Keris buatannya dapat ditandai
dengan memperhatikan ciri-ciri sebagai berikut :
Ganjanya rata, gulu meled-nya
sempit, sirah cecak-nya lonjong. Kalalu membuat kembang kacang
bentuknya kokoh bagaikan kuku bima, blumbangan-nya dalam, guratan
tikel alis-nya jelas, sogokan-nya panjang, janurnya
meruncing di ujungnya. Kalau Empu Jaka Sura membuat ron da,
bentuknya jelas dan runcing ujungnya.
Bilah keris buatan Empu Jaka Sura
agak tebal, penampilannya meyakinkan. Kalau membuat pamor ruwet (muyeg
- Bhs. Jawa). Secara keseluruhan keris buatan Empu Jaka Sura menampilkan
karakter berwibawa, terampil, gagah, dan meyakinkan.
Kakak Jaka Supa
Jaka Sura sesungguhnya adalah kakak
tiri Empu Jaka Supa, sedangkan ayahnya bernama Supa Mandrangi yang
kemudian dikenal sebagai Pangeran Sedayu. Ia lahir di Blambangan, ibunya
adalah putri bangsawan kerabat Adipati Blambangan.

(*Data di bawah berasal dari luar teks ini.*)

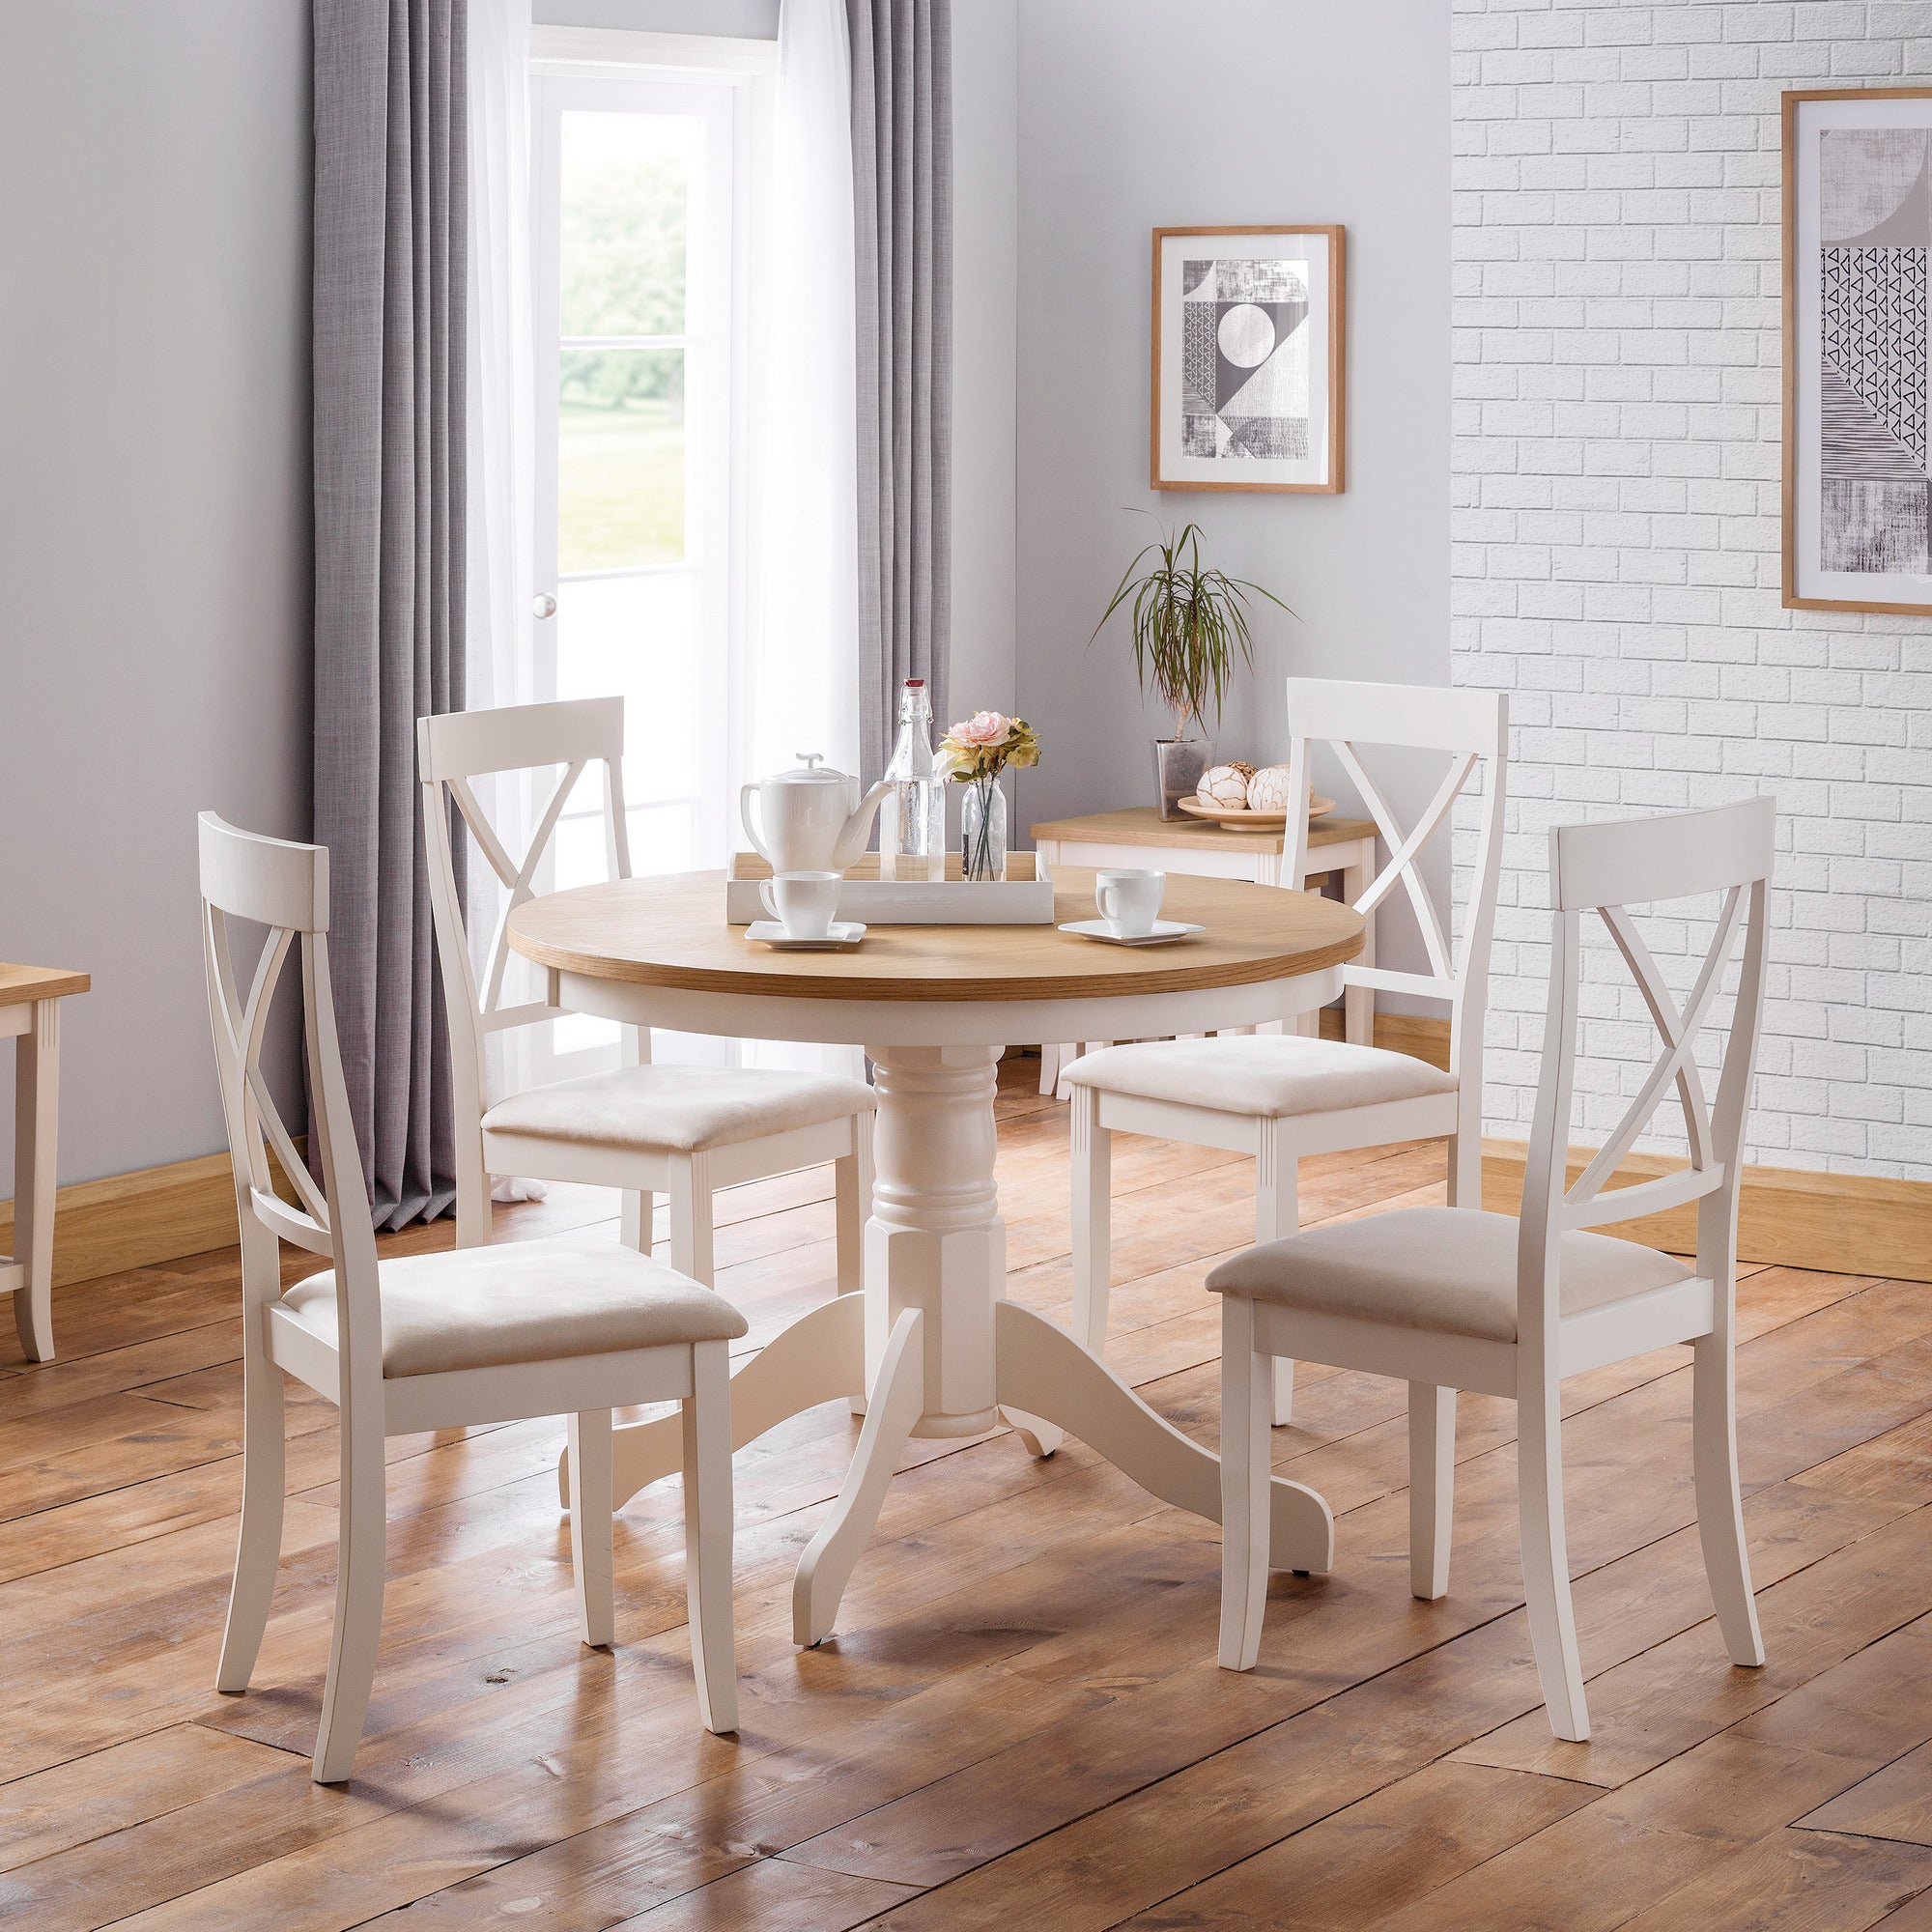 Davenport Round Pedestal Dining Table with 4 Chairs, Off White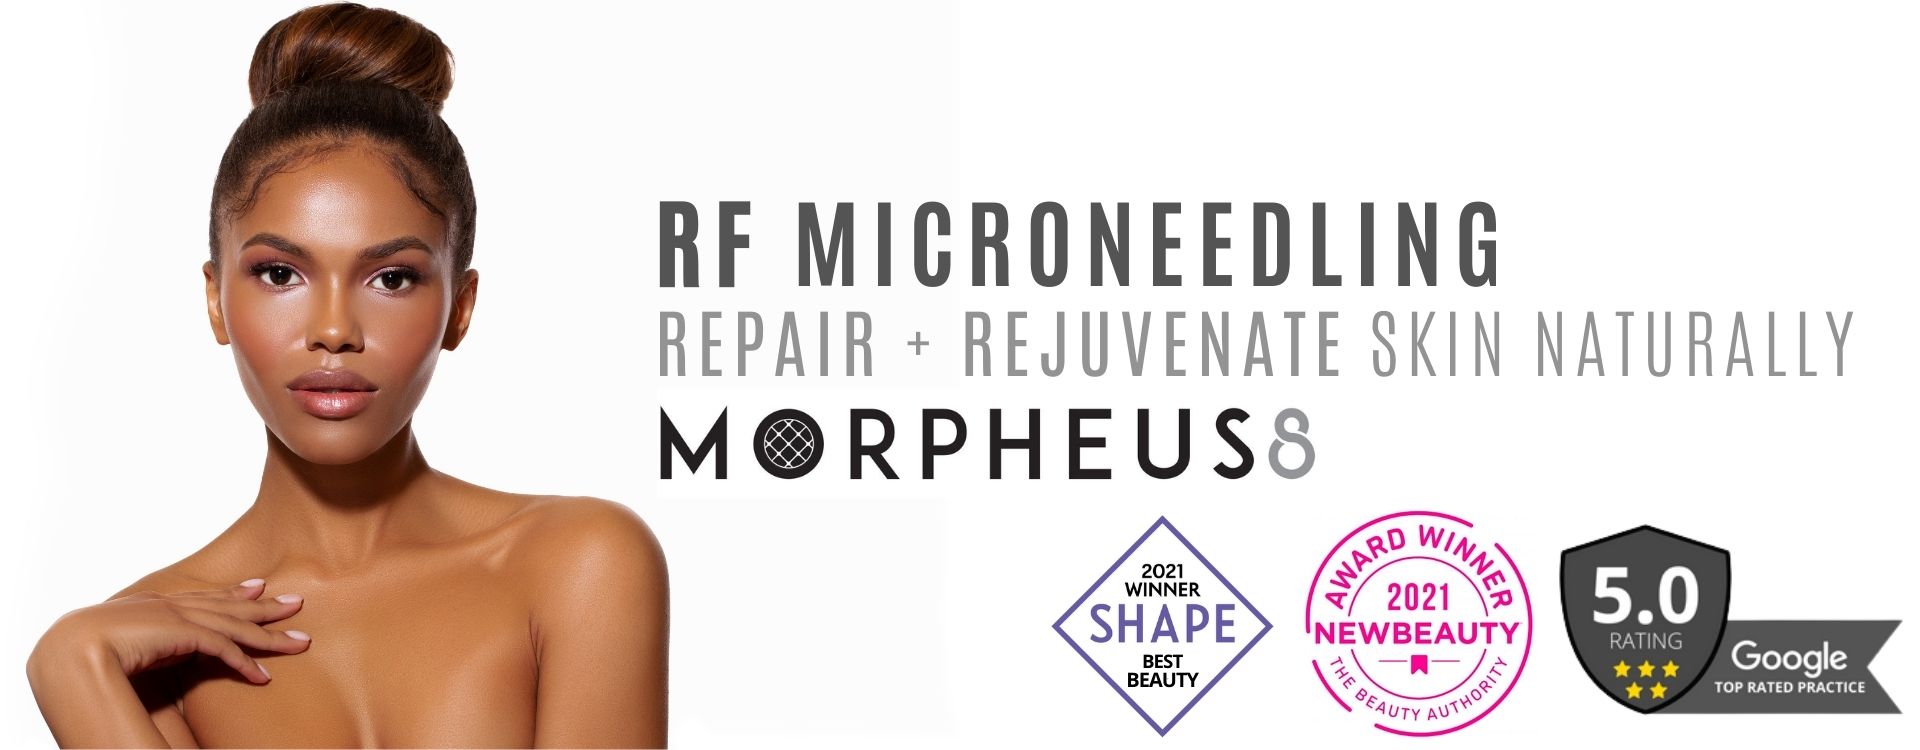 Beautiful woman with radiant skin modeling for RF Microneedling, Morpheus8 at Viva Atlanta Wellness in Kennesaw, GA. Top rated medical spa.

Ketika menjelang remaja, Jaka Sura
bertanya pada ibunya, siapa dan dimana ayahnya. Si ibu mengatakan, ayah
Jaka Sura adalah seorang empu yang pernah mengabdi pada Kadipaten
Blambangan. Sebelum Jaka Sura lahir, sang Ayah harus kembali ke
Majapahit. Sebelum pergi sang Ayah berpesan, agar jika anak yang lahir
nanti laki-laki, diberi nama Jaka Sura. Dan, kalau anak itu sudah
dewasa, agar pergi menyusulnya ke Majapahit.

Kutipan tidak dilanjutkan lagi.